THE DATA:
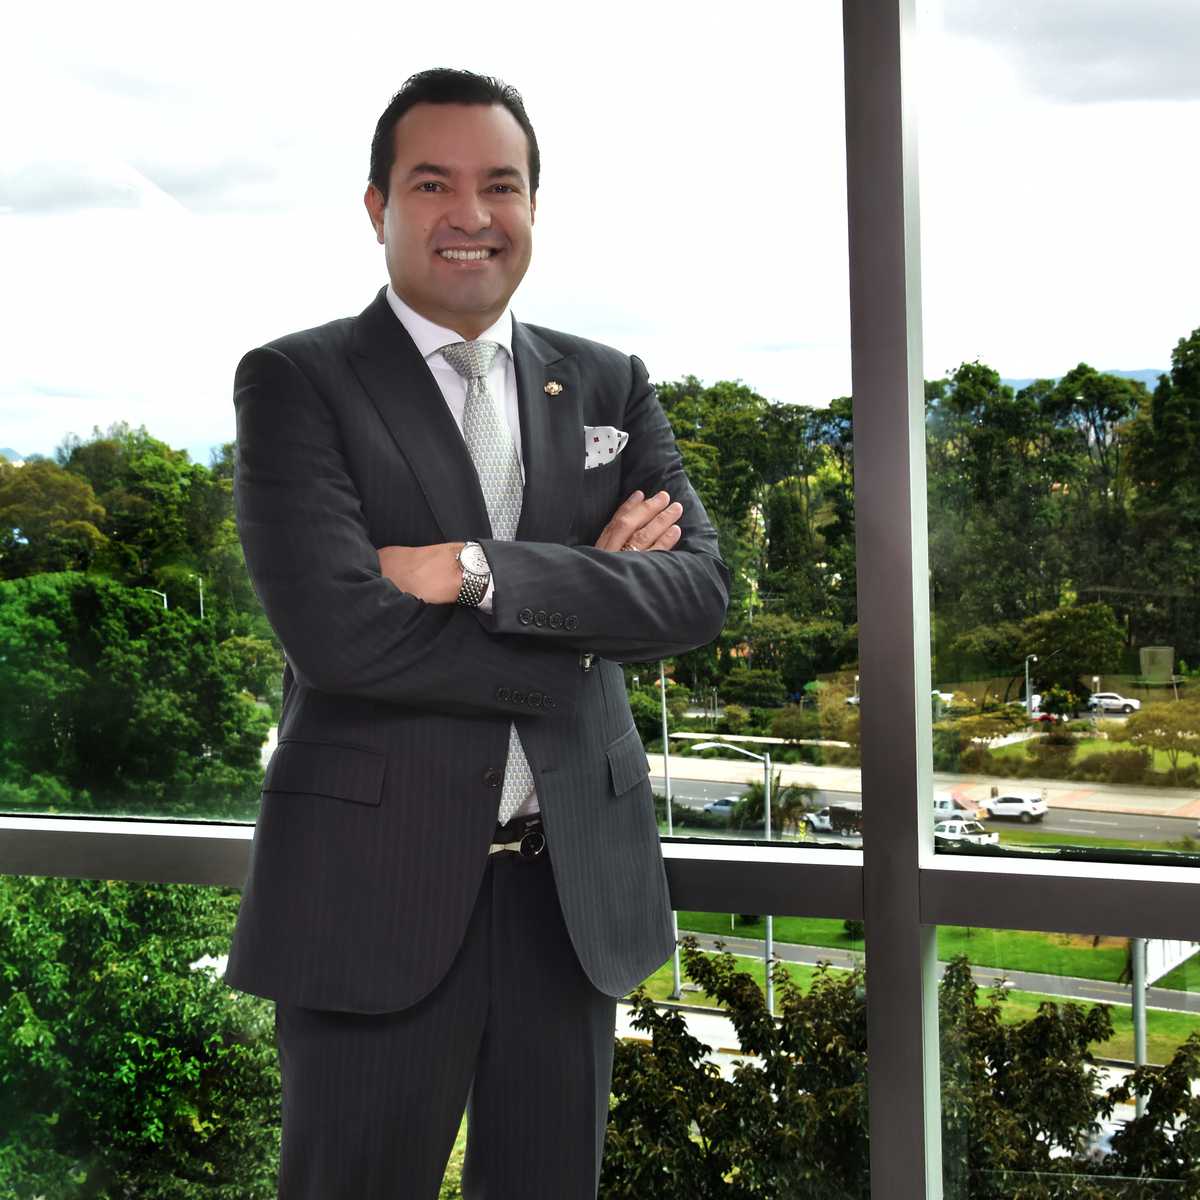 Didier Alberto Tavera Amado.
Director de Fededepartamentos
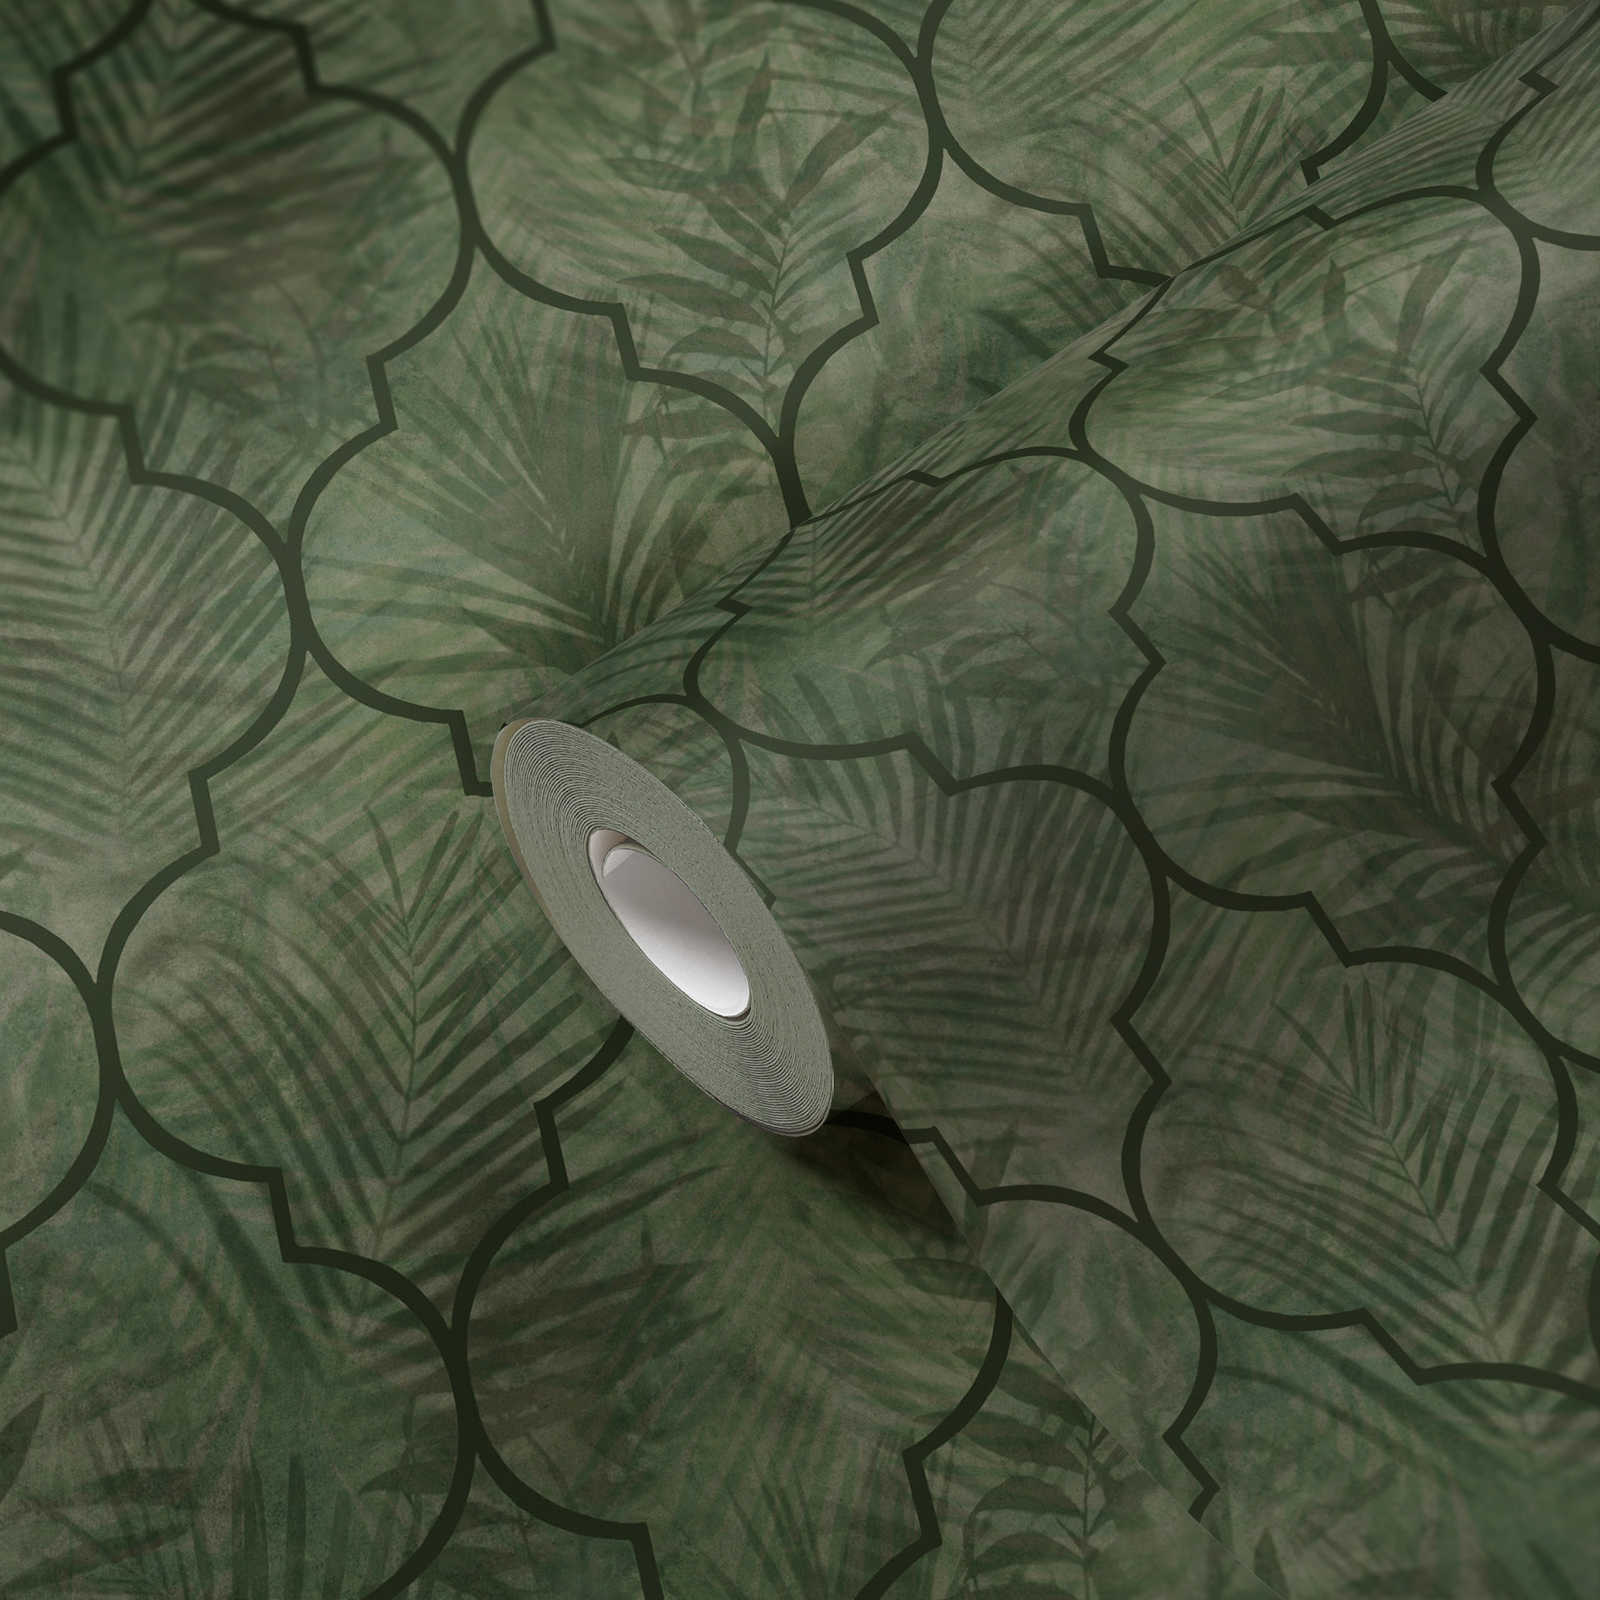             Vliestapete mit Blättermuster auf Fliesenoptik – Grün

REQUIRED WORK:
Any picture found in the data is to be skipped while the rest is copied exactly.

RESULT OF THE EXERCISE:
 Didier Alberto Tavera Amado.
Director de Fededepartamentos
             Vliestapete mit Blättermuster auf Fliesenoptik – Grün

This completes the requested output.